Reed Alexander's Horror Review of 'Land Shark' (2017)
'Jabberjaws: The Revenge'
I was scrolling through Tubi which has a multitude of cheese movies and came across one entitled Land Shark. Apparently, my wife had seen this hot mess before and suggested it as a potential good-bad movie. I have to tell you, it did not disappoint. In the category of "So Bad It's Good" I'd place this gem along side the original Carnosaur. Of course, Carnosaur didn't have CGI to work with, so mostly all they had was a green screen and a dinosaur hand puppet. Land Shark doesn't leave out the hand puppet but I really wished they'd leaned on the practical FX more than CGI.
Let's talk acting. This movie might as well be a porno, the acting is so damn bad. I mean, at any point you expect the actors to just strip and start fucking. I give them plenty of credit, though, they didn't get obnoxiously sexploitative.
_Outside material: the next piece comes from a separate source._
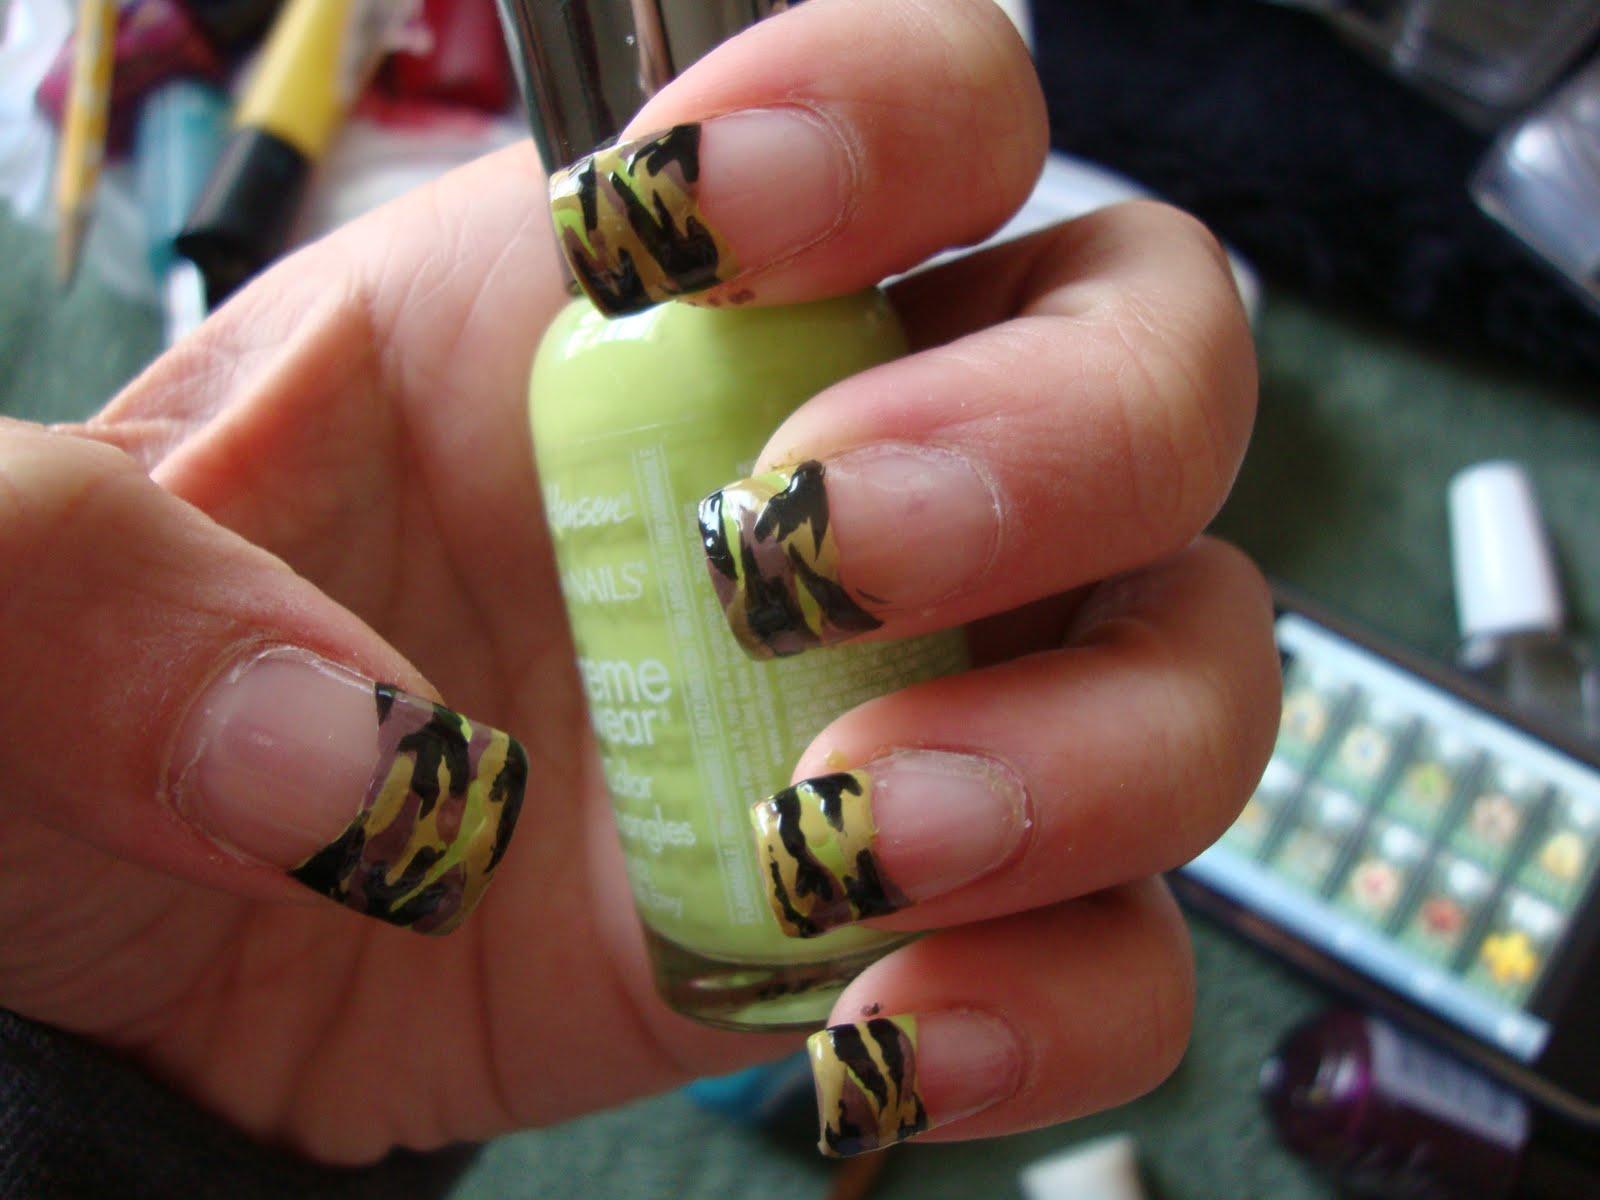 Realtree camo acrylic nail tips nails gallery realtree camo acrylic nail tips pictures prinsesfo Image collections

They set you up with the proper expectation though. The first couple lines in the movie sound like they're written by a toddler. It lets you know what to expect—that, plus the FX are completely disarming. You can't help but giggle.
The plot is just fantastic. I can't go too deep into it without spoilers, but the point is that Jabberjaws here is genetically modified. They don't stop there—it's completely over the top. Of course, this movie is competing with Three Headed Shark and Sharknado, so it has to be pretty over the top.
No atmosphere to speak of. I guess stage lighting and lens filters weren't in the budget. But you really can't expect much out of this movie.
If you're looking for a good ol' silly time with a Good-Bad horror movie, this is a good one. It's fun, it's silly, it's riff worthy. Give it a shot.
So Jabberjaws is being mutated by genetic experiments to walk on land. I really wanted it to be paddling along on its tail fin tips. I guess they thought that might be a little too silly so it kinda just crawls along on its belly like a mud skipper. Apparently it can climb, though. Not once, but twice, it manages to get atop something behind the protagonists. I mean, it hops on the roof of a house, for fuck sake. My wife and I almost died laughing.
They had a hard time being consistent with the size of the shark. They clearly had a shark's head prop, a shark hand puppet, and a rubber shark. The shark head prop kinda set the size and they needed to go off that as best they could. Unfortunately, the hand puppet was tiny and they even used it once to grab one actor by the leg (seemingly no larger than his ankle). I mean, it obviously could have just bitten his leg off but the hand puppet and lack of budget just couldn't make that work. Finally, the rubber shark prop used to show the full shark is green screened into the movie appearing to be as small as a dog, or as large as the shark from Jaws. Even with a shit production like this, I feel they could have done better. But it does kinda add to the giggles from time to time.
To ruin the plot for you (not that it needs help), the reason the protagonists are genetically modifying sharks is for a weapons project. What mad scientist wouldn't want an army of sharks that can roam about on land?! Even better, the protagonists have to hunt the mutant sharks down with fricken lasers. I was hoping at some point one of the sharks would get hold of a laser and learn how to shoot it. Mutant sharks with lasers would just be an amazing crescendo for this movie. They chose to go in a different direction, instead having the male lead shoot enough modified shark's blood into himself to turn into "manshark." Now we just need a sequel to Land Shark called Man Shark. I'd watch that shit.
But yes. This movie was a hoot. I'm glad my wife recommended it.